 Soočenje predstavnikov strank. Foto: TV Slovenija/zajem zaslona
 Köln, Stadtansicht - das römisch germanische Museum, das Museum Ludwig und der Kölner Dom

§ §

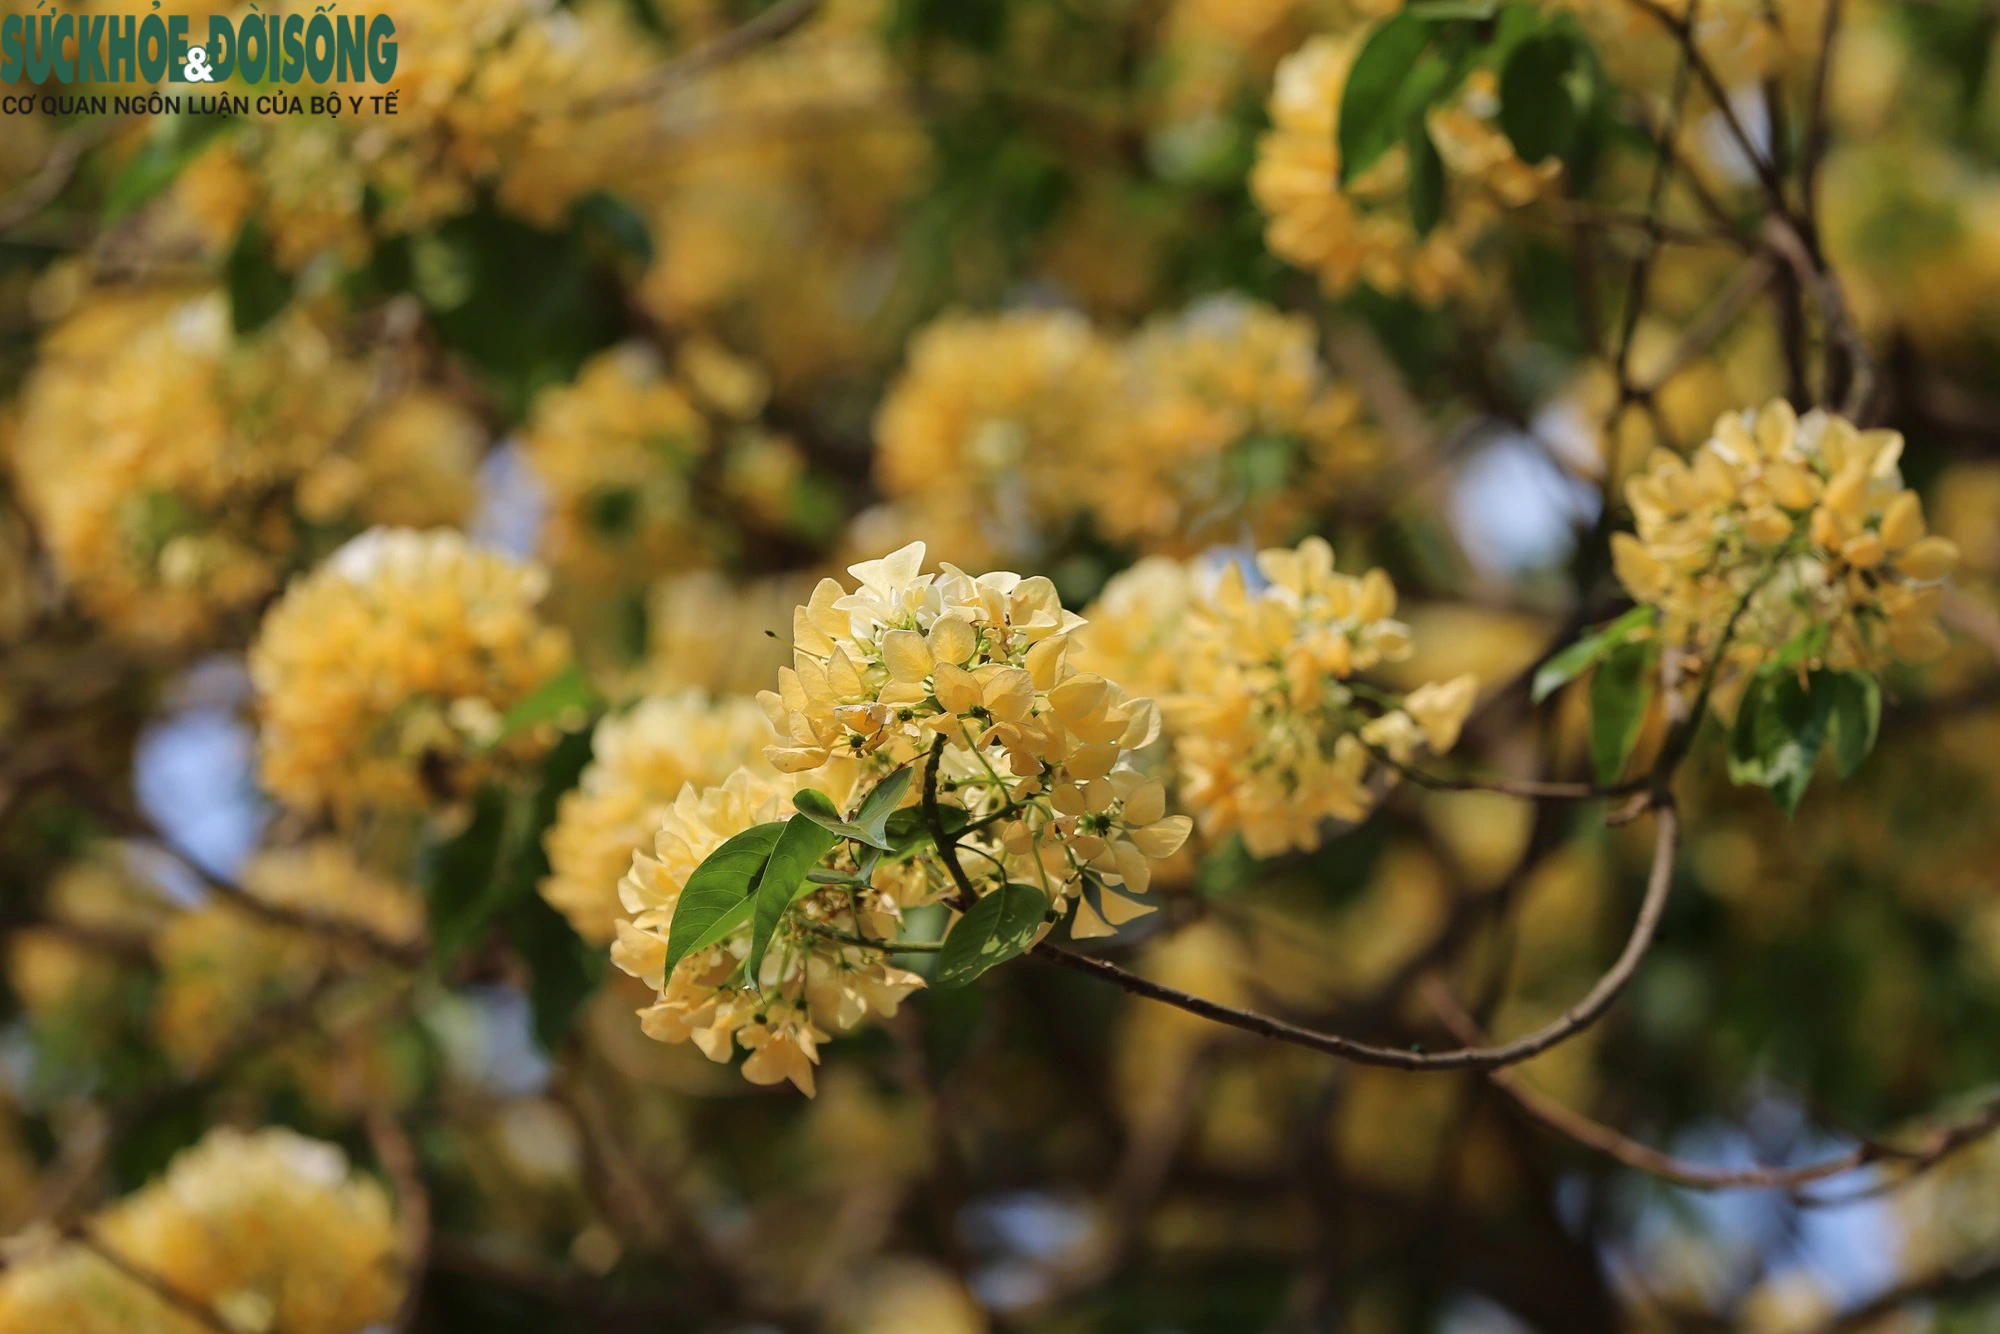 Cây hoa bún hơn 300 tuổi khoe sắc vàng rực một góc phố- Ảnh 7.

§ §

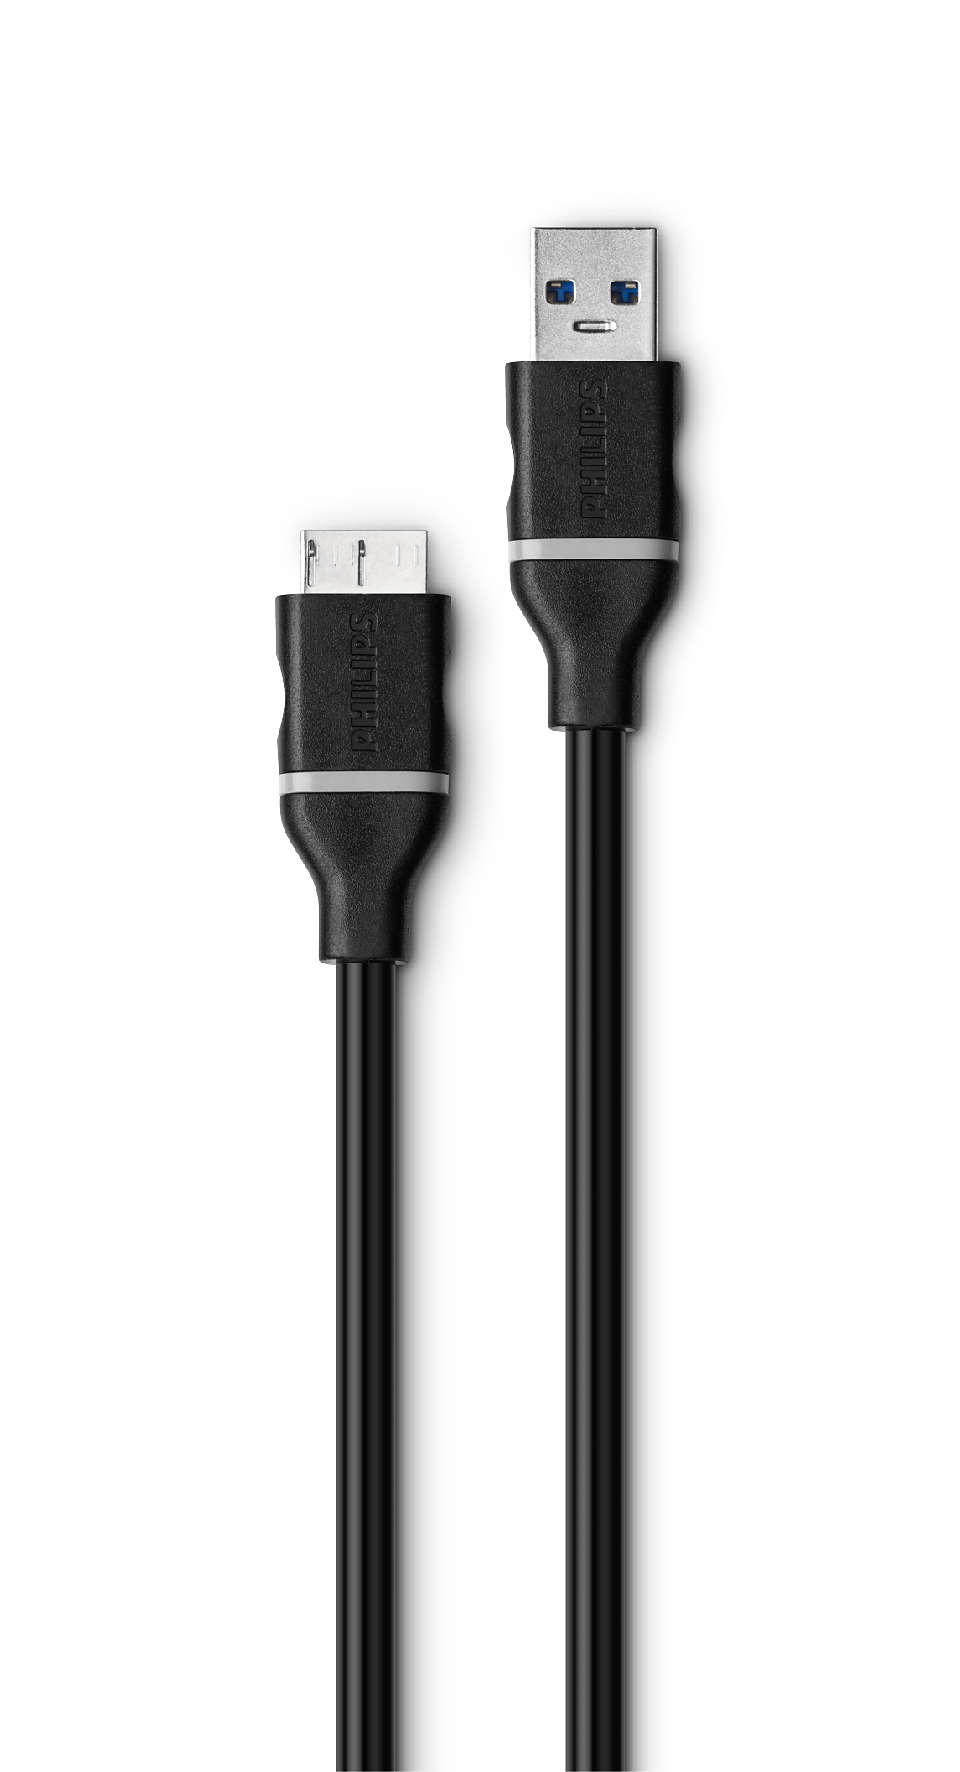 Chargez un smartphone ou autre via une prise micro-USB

§ §

:: WHAT NEEDS TO BE DONE ::
Go to the line with "Soočenje predstavnikov strank." in the entries above and repeat every line from there through the line with "Köln, Stadtansicht - das", exactly and with no other text.

:: ANSWER SPACE ::
 Soočenje predstavnikov strank. Foto: TV Slovenija/zajem zaslona
 Köln, Stadtansicht - das römisch germanische Museum, das Museum Ludwig und der Kölner Dom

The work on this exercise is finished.